Materials and methods

Test guideline
Qualifier:
according to
Guideline:
OECD Guideline 401 (Acute Oral Toxicity)
GLP compliance:
yes
Test type:
other: LD50
Limit test:
yes

Test material

Reference
Name:
Unnamed
Type:
Constituent

Test animals

Species:
rat
Strain:
other: Sprague-Dawley CD
Sex:
male/female
Details on test animals and environmental conditions:
TEST ANIMALS

- Source: Charles River (UK) Ltd., Margate, Kent, UK.

- Age at study initiation: 5-8 weeks

- Weight at study initiation: Males 135-145g, females 127-137g.

- Fasting period before study: Overnight, immediately before dosing.

- Housing: Housed in groups of up to five by sex in solid floor polypropylene cages furnished in woodflakes.

- Diet: Rat and Mouse Expanded Diet No.1, Special Diets Services Limited, Witham, Essex, UK (ad libitum)

- Water: Mains drinking water (ad libitum)

- Acclimation period: Minimum of five days.


ENVIRONMENTAL CONDITIONS

- Temperature (°C): 19-22C

- Humidity (%): 39-60%

- Air changes (per hr): 15

- Photoperiod (hrs dark / hrs light): 12h/12h

Administration / exposure

Route of administration:
oral: gavage
Vehicle:
other: arachis oil
Details on oral exposure:
VEHICLE

- Amount of vehicle (if gavage): 10 ml/kg at a concentration of 200 mg/ml in arachis oil.

- Lot/batch no. (if required): 2439


MAXIMUM DOSE VOLUME APPLIED: 2000 mg/kg bodyweight.
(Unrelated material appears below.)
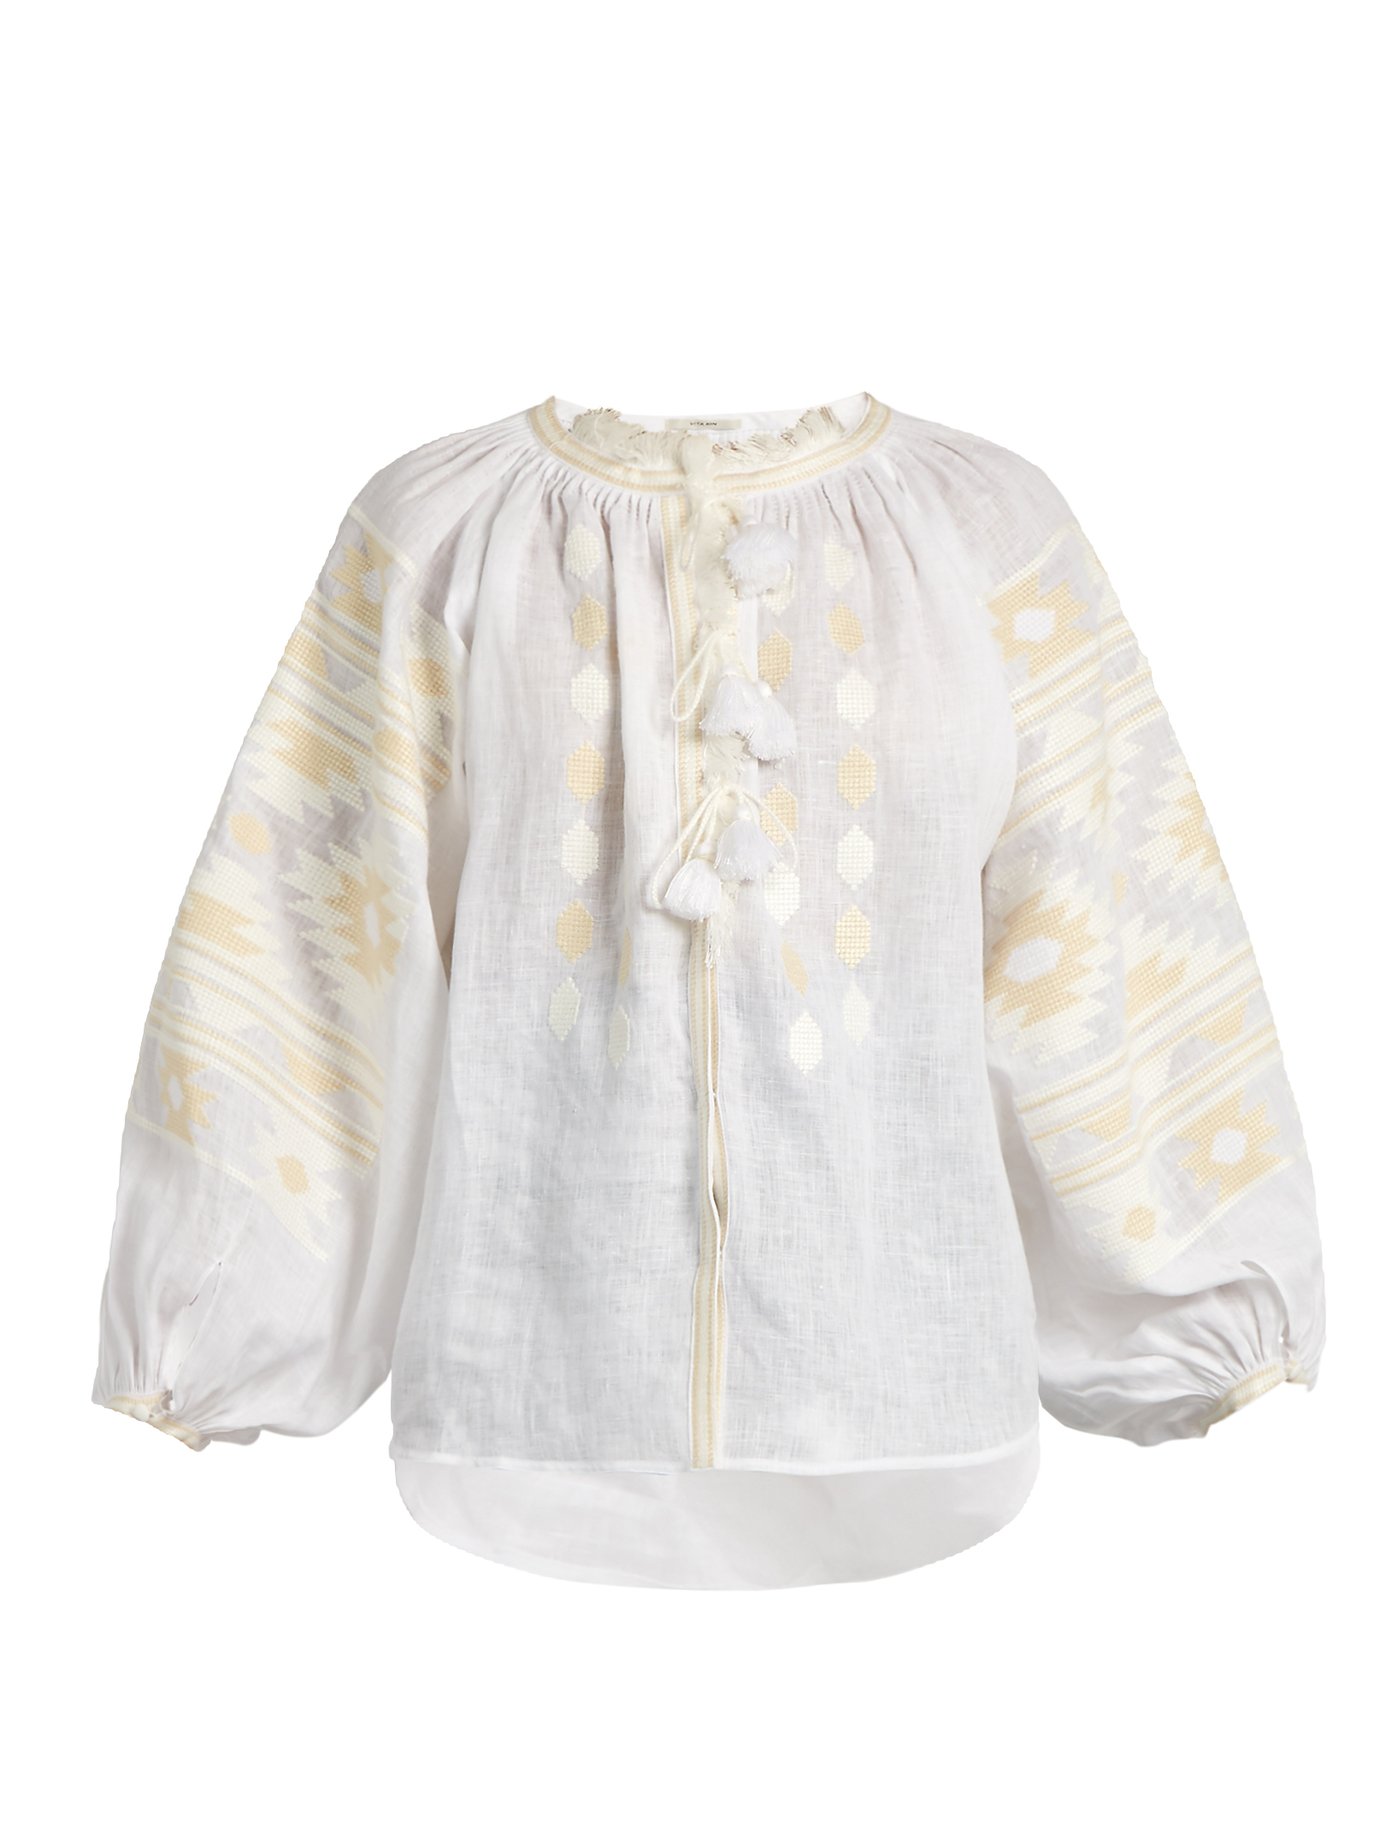 corporate-style-story-vita-kin-white-gold-embroidered-top-net-a-porter

The volume administered to each animal was calculated according to its fasted bodyweight at the time of dosing.


DOSAGE PREPARATION (if unusual): All animals were dosed once only by gavage using a metal cannula attached to a graduated syringe.
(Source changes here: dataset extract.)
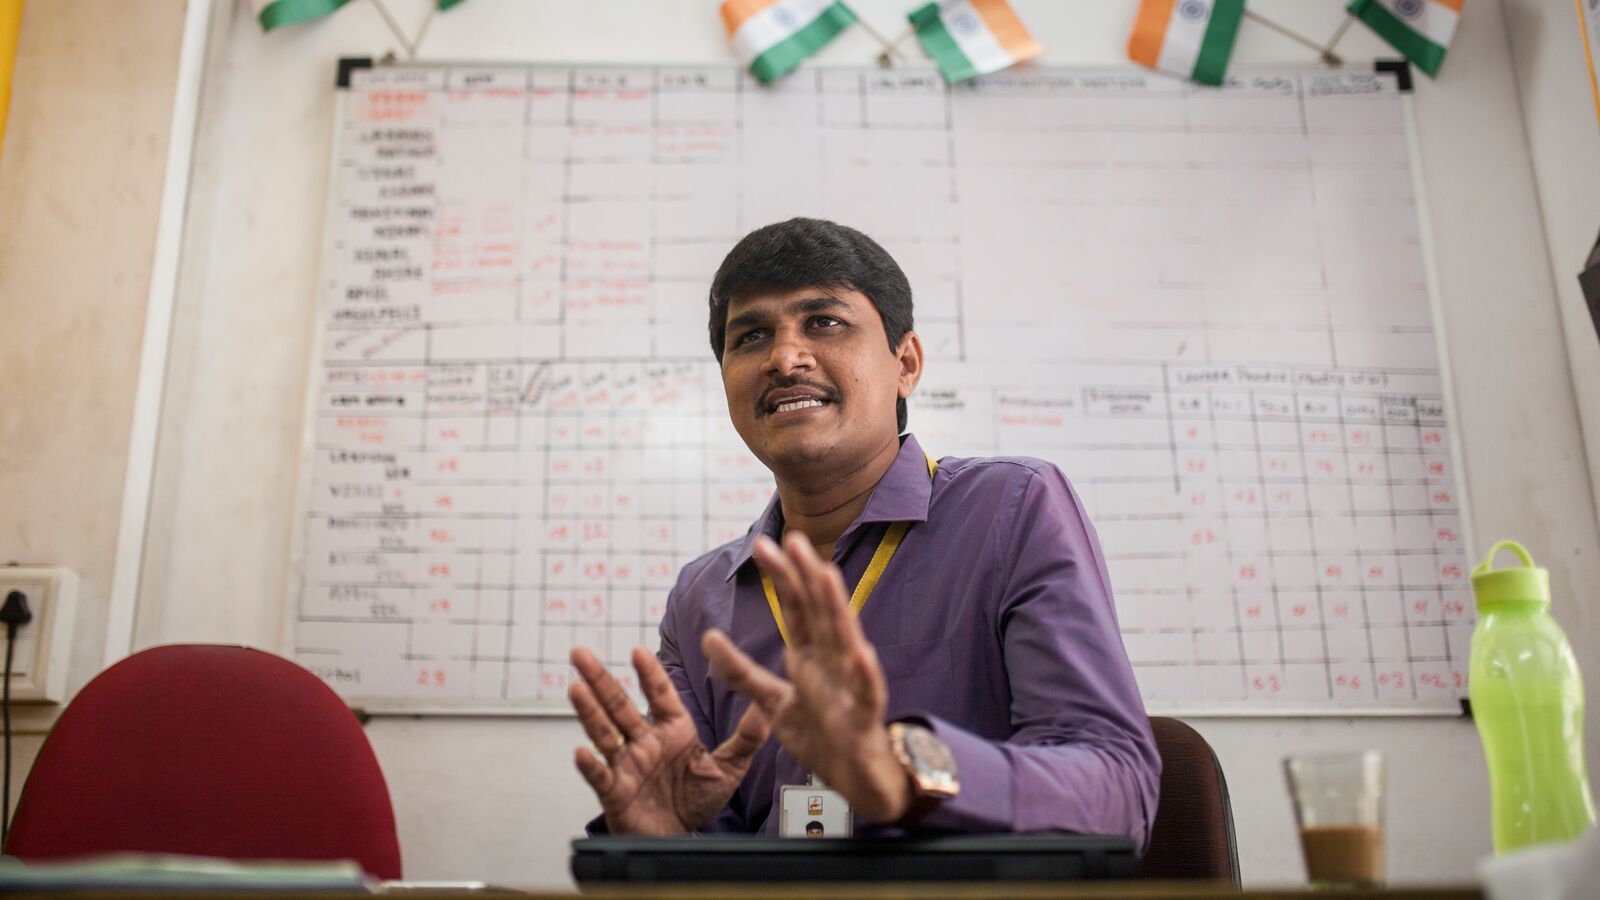 A Svasti manager in a purple shirt sits at a desk in India holding up two hands.

CLASS METHOD (if applicable)
- Rationale for the selection of the starting dose: A range finding study was carried out prior to dosing, using 1 male and 1 female rat which were administered 200 mg/kg of test substance at the concentration of 200 mg/ml in the volume of 10 ml/kg. The animals were observed for deaths and overt signs of toxicity 30 min, 1h, 2h and 4 hrs after dosing and subsequently for five days.
Doses:
2000 mg/kg
No. of animals per sex per dose:
10
Control animals:
not specified
Details on study design:
- Duration of observation period following administration: 14 days

- Frequency of observations and weighing: Individual body weights were recorded prior to dosing on dayy 0 and on days 7 and 14. The animals were observed for deaths or overt signs of toxicity at 30 minutes, 1, 2 and 4 hours after dosing and subsequently once daily for 14 days.

- Necropsy of survivors performed: yes

- Other examinations performed: clinical signs, body weight,organ weights, histopathology, other: Necropsied animals were examined externally and their abdominal and thoracic cavities opened for the examination of major organs. No tissues were retained. All animals were subject to gross pathological examination at the end of the observation period.
Statistics:
No statistical analysis of the results was carried out in this study.

Results and discussion

Preliminary study:
A range finding study was performed to establish a dosing regime as follows: 2000 mg/kg at the concentration of 200 mg/ml in dose volume of 10 ml/kg to 1 male and 1 female rat. The rats were observed for overt signs of toxicity at 30min, 1h,2h and 4hrs after dosing subsequently once daily for five days.
Effect levels
Sex:
male/female
Dose descriptor:
LD50
Effect level:
> 2 000 mg/kg bw
Mortality:
There were no deaths.
Clinical signs:
No clinical signs of systemic toxicity. 
Body weight:
All animals showed the expected body weight gain over the observation period.
Gross pathology:
Necropsy findings were unremarkable
Other findings:
POTENTIAL TARGET ORGANS: None identified.
SEX-SPECIFIC DIFFERENCES: None observed.

Applicant's summary and conclusion

Interpretation of results:
not classified
Remarks:
Migrated information Criteria used for interpretation of results: EU
Conclusions:
The rat oral LD50 for Kalcol 6098 is >2000 mg/kg. At this dose level there were no signs of toxicity. The result is a read across from hexadecan-1-ol (CAS 36653-82-4).